The robots haven’t just landed in the workplace—they’re expanding skills, moving up the corporate ladder, showing awesome productivity and retention rates, and increasingly shoving aside their human counterparts. One multi-tasker bot, from Momentum Machines, can make (and flip) a gourmet hamburger in 10 seconds and could soon replace an entire McDonalds crew. A manufacturing device from Universal Robots doesn’t just solder, paint, screw, glue, and grasp—it builds new parts for itself on the fly when they wear out or bust. And just this week, Google won a patent to start building worker robots with personalities.
Rise of the Robots
As intelligent machines begin their march on labor and become more sophisticated and specialized than first-generation cousins like Roomba or Siri, they have an outspoken champion in their corner: author and entrepreneur Martin Ford. In his new book, Rise of the Robots , he argues that AI and robotics will soon overhaul our economy.
There’s some logic to the thesis, of course, and other economists such as Andrew (The Second Machine Age) McAfee have sided generally with Ford’s outlook. Oxford University researchers have estimated that 47 percent of U.S. jobs could be automated within the next two decades. And if even half that number is closer to the mark, workers are in for a rude awakening.
In Ford’s vision, a full-on worker revolt is on the horizon, followed by a radically new economic state whereby humans will live more productive and entrepreneurial lives, subsisting on guaranteed incomes generated by our amazing machines. (Don’t laugh — even some conservative influencers believe this may be the ultimate means of solving the wealth-inequality dilemma.)
Sound a little nuts? We thought so—we’re human, after all—so we invited Ford to defend his turf.
Critics say your vision of a jobless future isn’t founded in good research or logic. What makes you so convinced this phenomenon is real?
I see the advances happening in technology and it’s becoming evident that computers, machines, robots, and algorithms are going to be able to do most of the routine, repetitive types of jobs. That’s the essence of what machine learning is all about. What types of jobs are on some level fundamentally predictable? A lot of different skill levels fall into that category. It’s not just about lower-skilled jobs either. People with college degrees, even professional degrees, people like lawyers are doing things that ultimately are predictable. A lot of those jobs are going to be susceptible over time.

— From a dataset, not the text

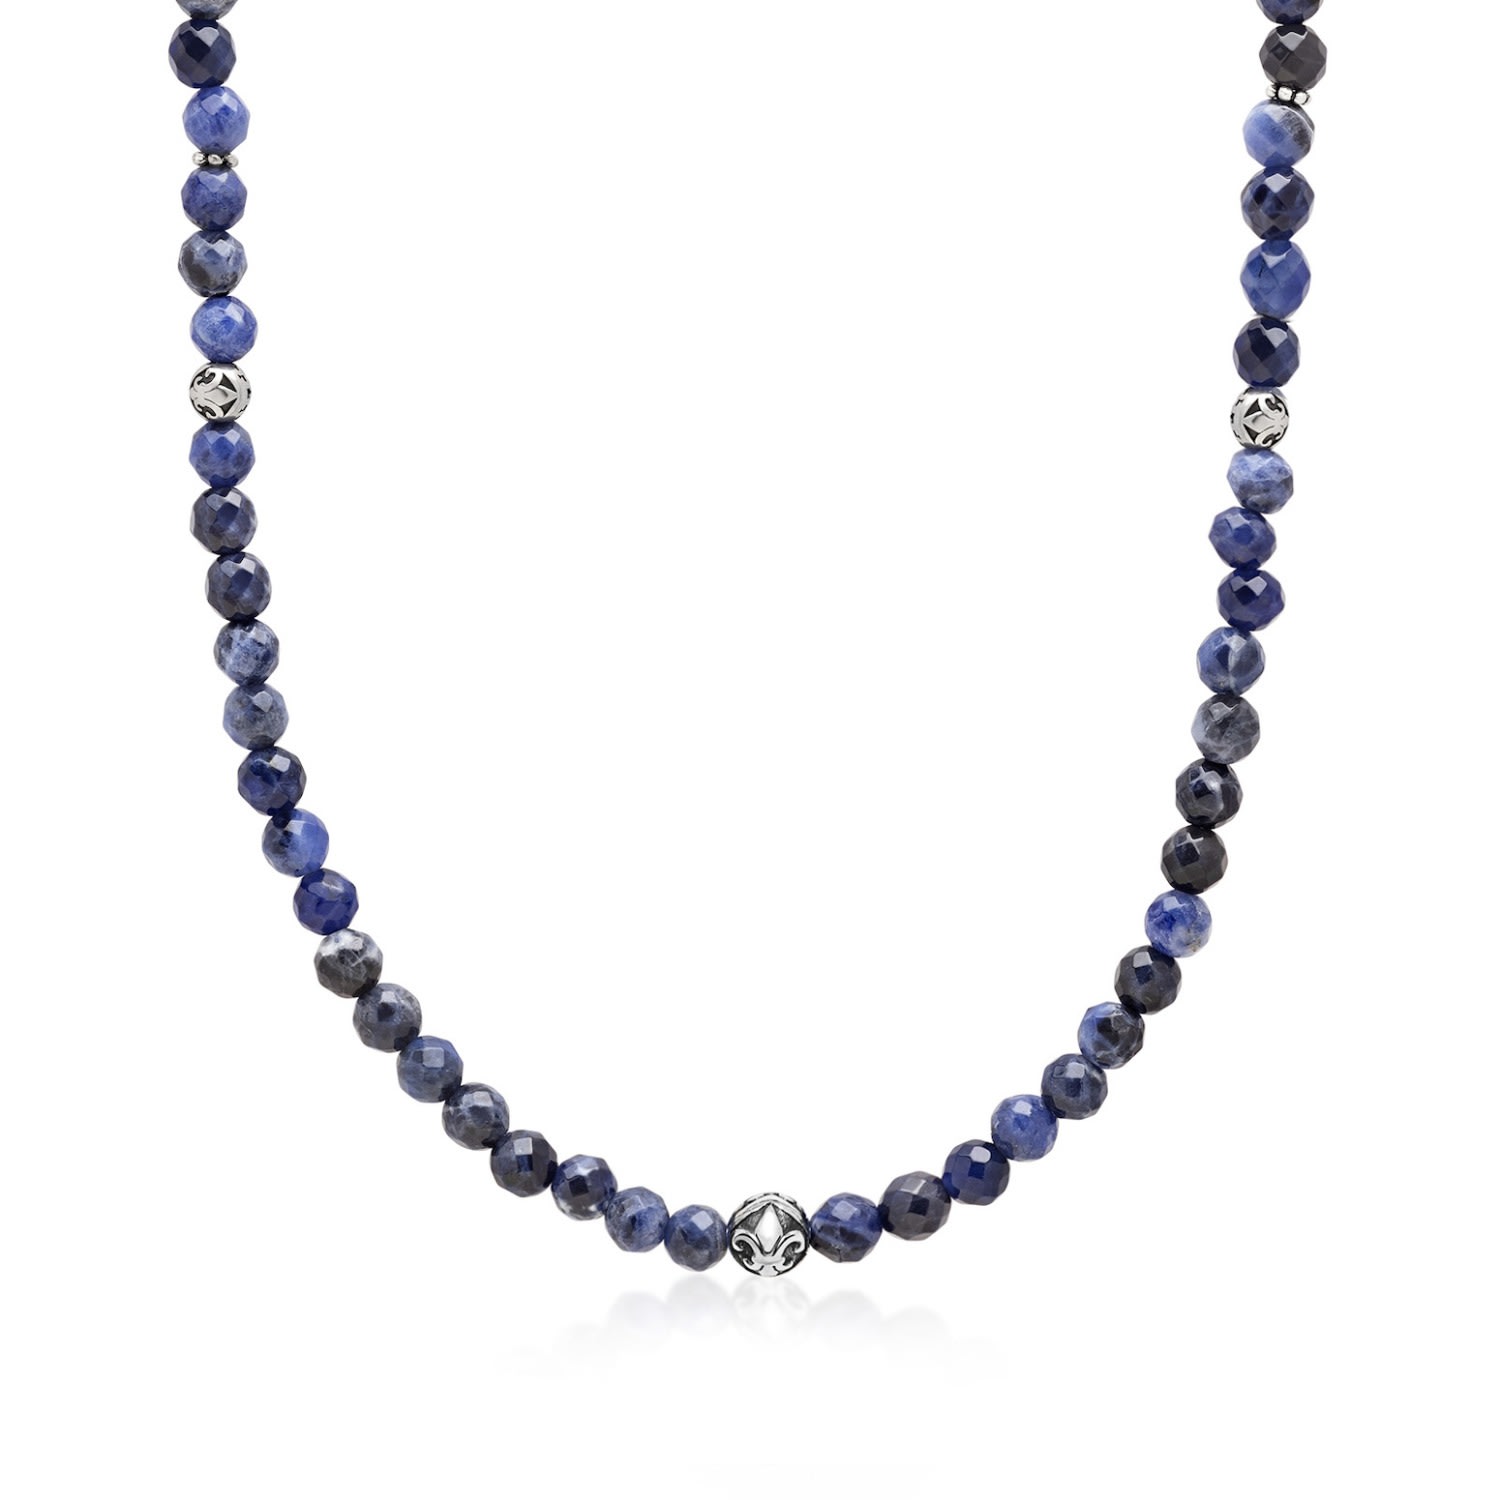 Men's Blue / Silver Beaded Necklace With Faceted Dumortierite And Silver Nialaya

Right now there’s still a lot of debate over it. There are economists who think it’s totally wrong, that problems really stem from things like globalization or the fact that we’ve wiped out unions or haven’t raised the minimum wage. Those are all important, but I tend to believe that technology is a bigger issue, especially as we look to the future.
Eventually I think we’ll get to the point where there’s less debate about whether this is really happening or not. There will be more widespread agreement that it really is a problem and at that point we’ll have to figure out what to do about it.
Aren’t you relying on some pretty radical and unlikely assumptions?
People who are very skeptical tend to look at the historical record. It’s true that the economy has always adapted over time. It has created new kinds of jobs. The classic example of that is agriculture. In the 1800s, 80 percent of the U.S. labor force worked on farms. Today it’s 2 percent. Obviously mechanization didn’t destroy the economy; it made it better off. Food is now really cheap compared to what it was relative to income, and as a result people have money to spend on other things and they’ve transitioned to jobs in other areas. Skeptics say that will happen again.
The agricultural revolution was about specialized technology that couldn’t be implemented in other industries. You couldn’t take the farm machinery and have it go flip hamburgers. Information technology is totally different. It’s a broad-based general purpose technology. There isn’t a new place for all these workers to move.
You can imagine lots of new industries—nanotechnology and synthetic biology—but they won’t employ many people. They’ll use lots of technology, rely on big computing centers, and be heavily automated.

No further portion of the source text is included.